I have feared that I would be next my entire life. I was taught to fear early. My mother spoke incessantly about cases of rape and molestation within our extended family and broadened her anthology of assault to include true-crime books, the news, and a long historical lens, curating abuse stories in her brain’s canon and mine too. When I was 4 or 5, she’d told me, as we drove to the Inland Center or Carousel Mall, about a girl who had been raped near the very overpass we were on at the moment. “She was only 5, and the man cut off her arms and legs and then tossed her over the pass.” I don’t know why she told me, especially at that age or in the very location of the crime. But the story became etched in my mind — even on my young body, which I came to associate only with the fear of pain — along with the family lore, which held that basically every girl or woman in every generation we could trace had been sexually abused, some set on fire and additionally tortured. That some of us were even the products of incest or rape. With this knowledge, I cultivated survivor’s remorse before I knew the phrase, and I waited, waited always for my turn. My mother did, too, asking me at frequent intervals whether anyone had touched me “there,” calling my friends’ parents before I could play at their houses to check for older brothers, fathers, stepfathers, uncles. A girl child, I learned, like Alice Walker’s Celie, was not only unsafe in a house full of men but everywhere. The older I grew, the more she told me. For instance, she described how speculum exams at the gynecologist had always hurt her. “How big is the speculum?” I asked, eyes wide. “About as wide as a tape cassette,” she said. “They always hurt me, even though I’ve had three children.” Vaginas, I intuited, were vehicles for pain, and sexual acts and medical procedures were their drivers.

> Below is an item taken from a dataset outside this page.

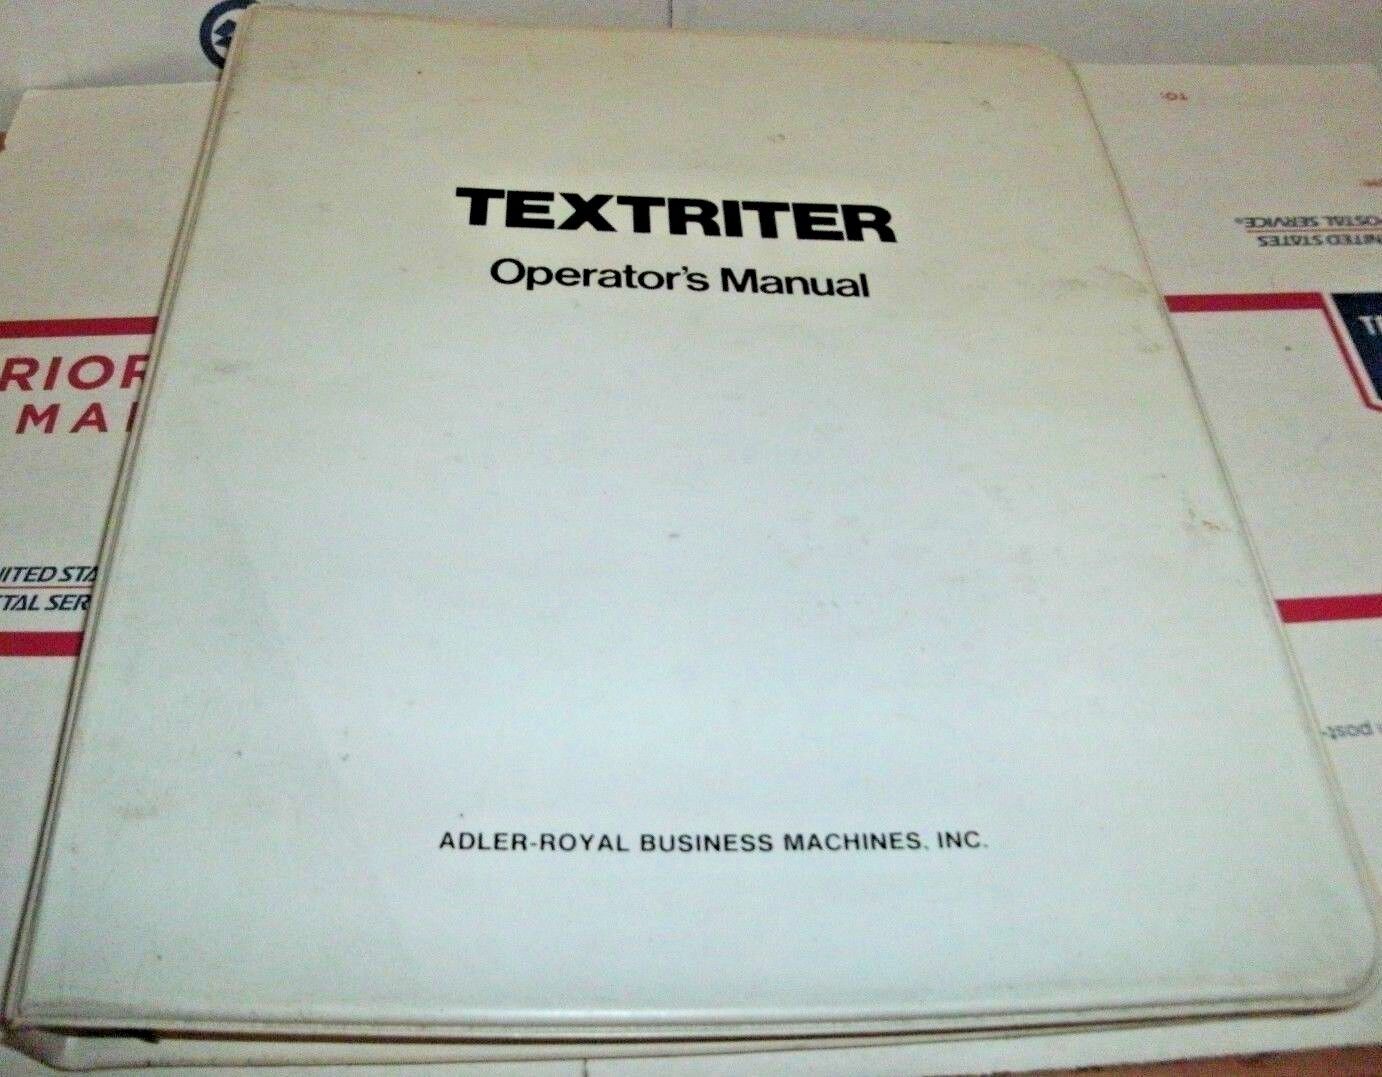 1983 TEXTWRITER OPERATORS Manual instruction Schematics + Adler Royal Interface

My official lessons on childbirth and sexual intercourse followed similar patterns. “Of course, it hurts,” my mother said each time I asked about birth or penetration, usually during car rides home from school. She held up one fist, closed with an opening between her thumb and forefinger about as big as a pistachio. “Imagine a big fist,” she said, using her other hand” — neither on the steering wheel now, though she remains an expert at eating and painting her nails while driving — “mashing and mashing against a little hole.” For her explanation of childbirth, the pistachio fist remained the same, while the other fist grew in aggression and size. “Imagine a little hole and a watermelon trying to push through it,” she said, mashing and mashing the watermelon hand against the nut one. Vaginas, sex, birth — all bad, I concluded. And it didn’t help that I’d seen pictures of my own delivery, the blue hospital sheets covered in blood, and my melon head stretching and ripping a body, my mother’s body. “You would have been born on June 5th instead of 6th if you hadn’t slowpoked through 18 hours of labor,” she has reminded me more than once. My parents kept hiding the labor and delivery pictures because I obsessively sought them out, a compulsion for self-harm already budding before I was even 6 years old, Alongside this was a deep-seated fear that rape was inevitable. For years, I thought that I had only been spared “so far,” but as the first girl born in my household, my day would come. First girls were always the target in the family pattern. Second girls too. By elementary school, I’d come to put more stock in the idea that one day my rapist would come than that my prince would.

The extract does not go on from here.